GüncelMakaleler

RÖPORTAJ | “19 Aralık, Bir Devlet Operasyonuydu!”

"Bu bir devlet operasyonuydu. Bu da bütün iktidarlarla ilintilidir. Dünden bugün de iktidar fark etmeksizin bu operasyonların sürdüğünü net söyleyebiliriz. AKP’de bunu devam ettiriyor"

19 Aralık 2000 tarihinde “Hayata Dönüş” adıyla hapishanelere yapılan katliam saldırısının 10. yılında Av. Güçlü Sevimli tarafından çıkarılan “Hayata Dönüş Operasyonu Koğuş’tan Hücrelere” kitabın katliamın 22. yılında yeniden basılması üzerine ve aynı zamanda katliam davasını da takip eden Sevimli ile bir röportaj yaptık.

Sevimli, sorularımıza yanıt verirken kitabı neden yeniden çıkardığını, katliam davalarındaki son durumu aktardı ve hapishanelerdeki mevcut durumuna dair değerlendirmeler yaptı.

– 2010’da basılan “Hayata Dönüş Operasyonu Koğuş’tan Hücrelere” isimli kitap yeni belgeler eklenerek yeniden basıldı. Kitapta nasıl bir değişiklik oldu, neler güncellendi?

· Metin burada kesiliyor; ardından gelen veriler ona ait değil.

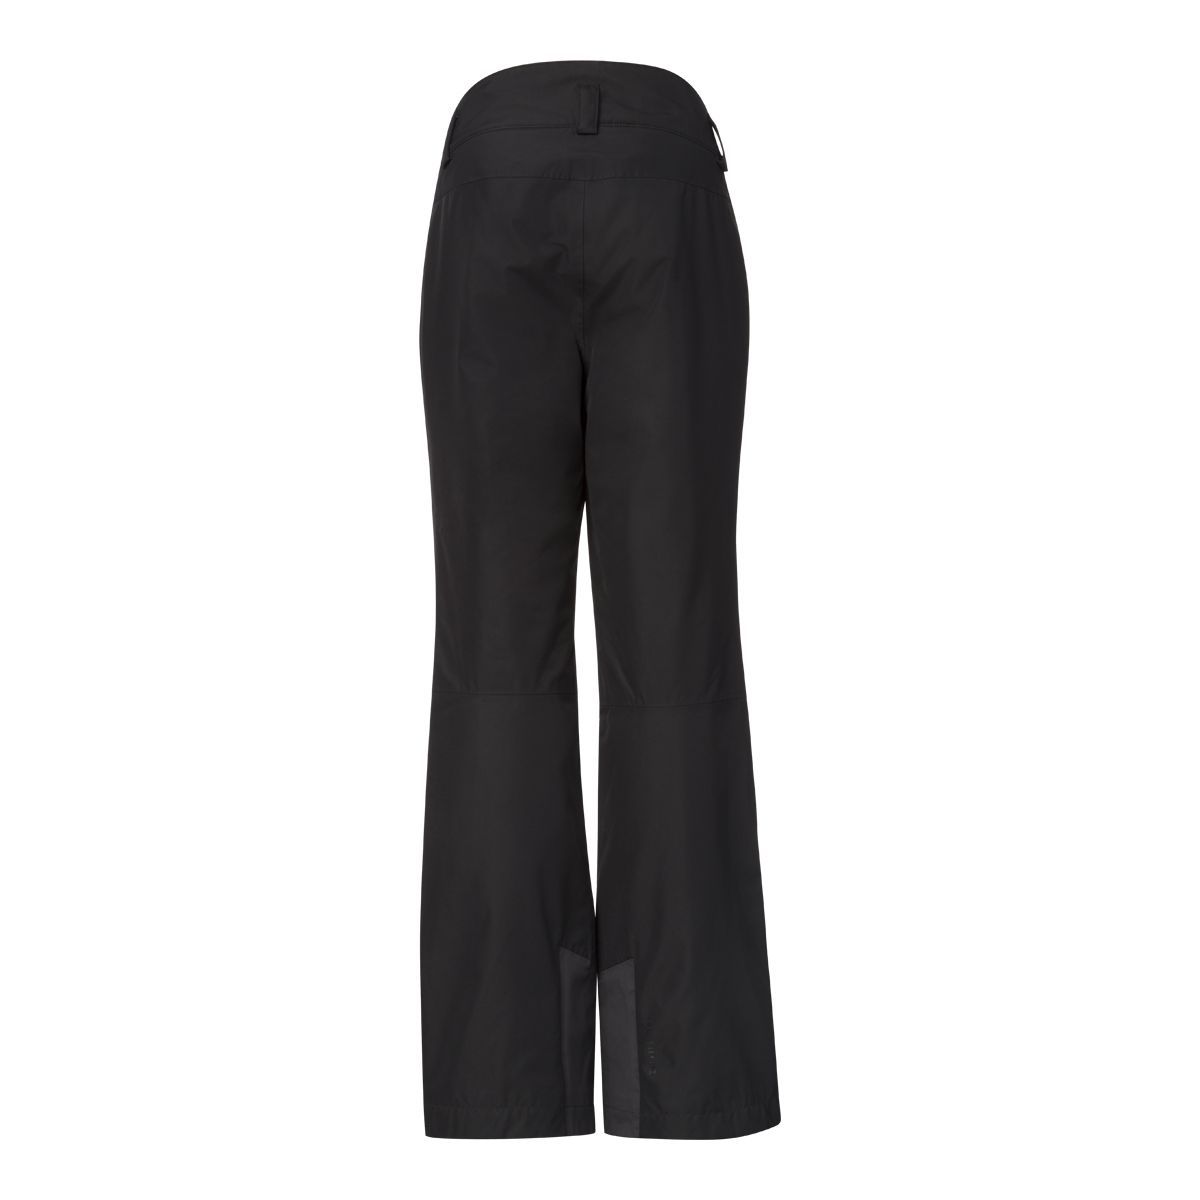 Buy Gerry Womens Ski Pants Insulated Water Resistant Fleece Lined Womens  Snow Pants Black XSmall at

– Bu kitabın birinci baskısını Aralık 2010 tarihinde Çağdaş Hukukçular Derneği yayınlarından çıkarmıştık. Kitabını çıkartmanın temel sebebi, o dönem itibariyle 19 Aralık operasyonlarıyla ilgili gerçeklerin, bilgilerin, belgelerin herkes tarafından bilinmesini, duyulmasını sağlamaktı. 2010 yılında kitabı bu nedenle çıkarttım. Sonrasında ise aradan geçen zaman içerisinde 19 Aralık operasyonlarıyla ilgili pek çok yeni bilgi ve belge ortaya çıktı. Oysa kitabı yazdığımda son derece az sayıda bilgi ve belge vardı.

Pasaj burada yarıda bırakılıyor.